Davidoff pointed out that until about 10–15 years ago, nearly all clinical-journal editors were men. In recent years, however, four of the five major general clinical journals have had female editors (today, two of the five have female editors). That is an important change, he said.
Legato suggested that editors put out a request for papers that directly address sex differences, perhaps for publication in a supplemental issue. Robert Golub, deputy editor of JAMA, said that his journal publishes theme issues on topics that are of immediate relevance, and sex differences could be considered as one of those topics. The goal of a theme issue is to highlight research or current thinking in a field. Floyd Bloom, former editor-in-chief of Science, supported the idea of editors’ commissioning special issues on themes as a way to stimulate sex-specific science that could then be appropriately reported in journals; he noted that this has been successful in the neurosciences.

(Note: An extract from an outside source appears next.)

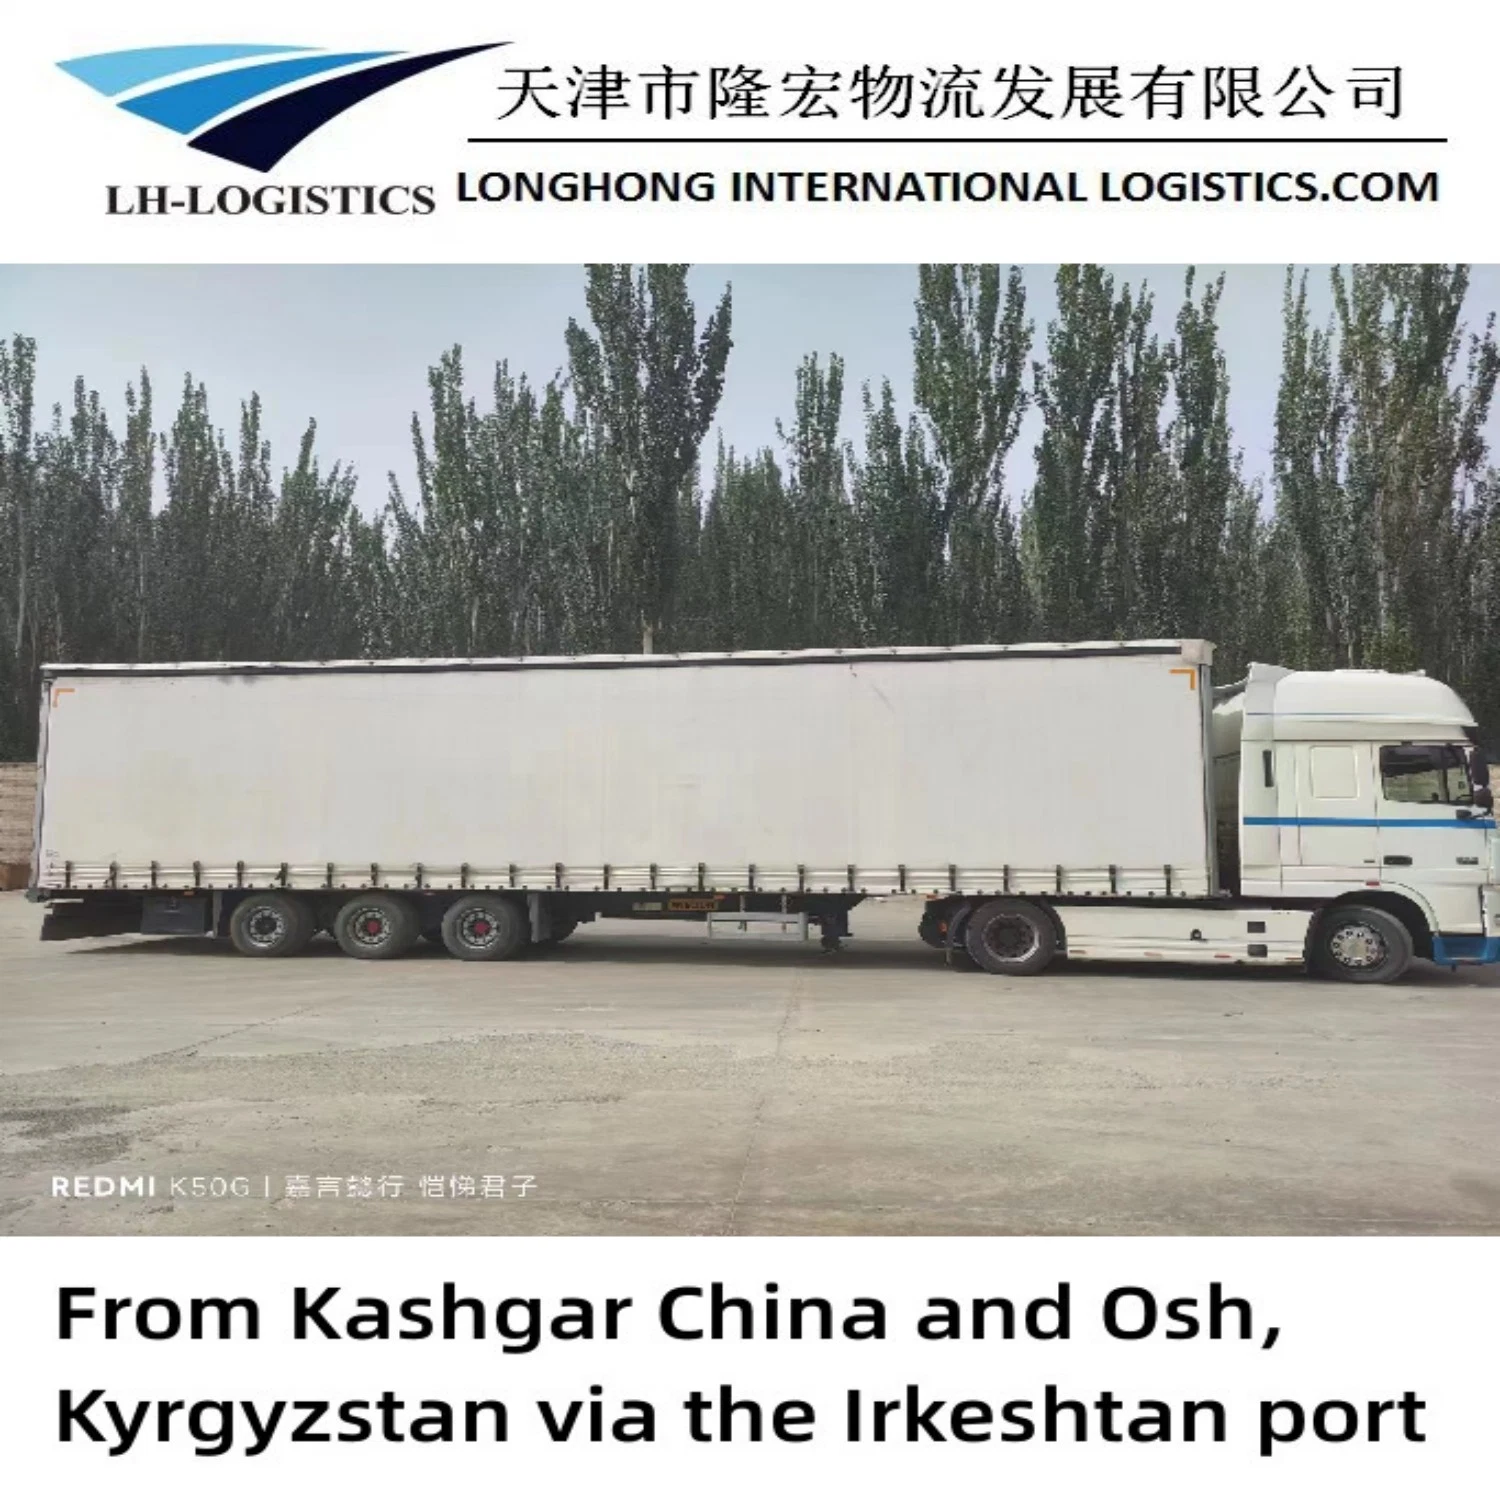 Transporte por carretera de contenedores o carga a granel, Tayikistán, Kazajstán, Kirguistán

In basic-science research, it is very rare that male and female animals are studied side by side, said Levine. Even more problematic is the fact that male animals are often the default choice to avoid confounding effects of the estrous cycle or other female-specific physiologic circumstances. Levine suggested that basic-science journals consider a policy whereby authors are asked to justify the use of males vs females and
have reviewers check to see whether authors have considered the implications of their choice of males vs females in the design, conduct, and interpretation of their experiments.
Blaustein supported the idea of including the justification of the sex of animals as one of the items that reviewers and associate editors should look for, noting that it would help to increase awareness. He added that in many cases, the default choice is actually immature animals because researchers think that this avoids the effects of the estrous cycle and mix immature males and females.

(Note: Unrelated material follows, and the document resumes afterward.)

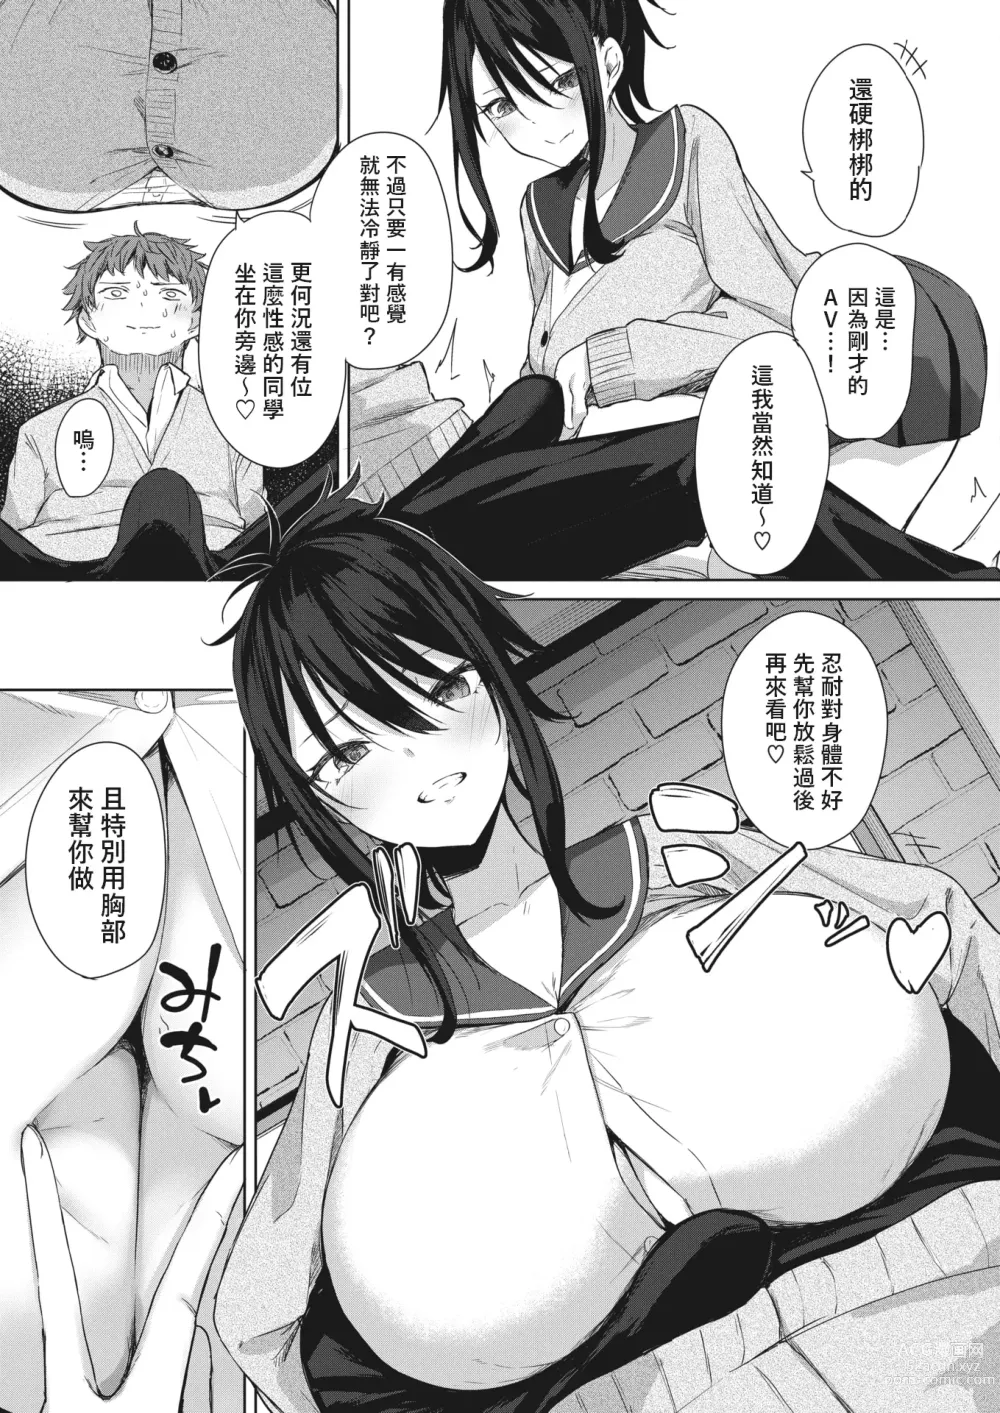 Page 7 of manga Risou no Date

Blaustein cited an article on sex bias in biomedicine by Zucker and Beery (2010, p. 690), who suggested that
to correct the sex bias in animal research, we need stringent, strictly enforced measures, not voluntary appeals. Journal editors and reviewers should require authors of research studies that use only male or only female animals to state this in the title of their papers. This would highlight sex biases and spur researchers to balance the numbers of males and females that they use. Funding agencies should refuse to consider grant proposals that do not properly acknowledge the sex of the animals to used, and favor those that include males and females, and analyze data by sex.
Guidance on conducting sex-differences research is available, Blaustein noted. For example, an article that was the product of a series of discussions sponsored by the Society for Women’s Health Research outlined strategies and methods for research on sex differences in behavior and the brain (Becker et al., 2005). The article was followed by a book, Sex Differences in the Brain, that discusses the subject in more depth (Becker et al., 2008). Guidance on designing and analyzing experiments to consider sex differences can be provided, Blaustein said, but that will not force researchers to look at both sexes.
Katrina Kelner, editor of the new journal Science Translational Medicine and former deputy editor for biology at Science, said that the issue of sex-specific reporting “is not on the radar screen” of the interdisciplinary journals (such as Proceedings of the National Academy of Sciences, Science, and Nature). Major issues that editors at Science have been working to address over the last 10 years include image manipulation, conflict of interest, and availability of the data and materials for the
analysis being reported, whether climate change, physics, biomedicine, or another discipline.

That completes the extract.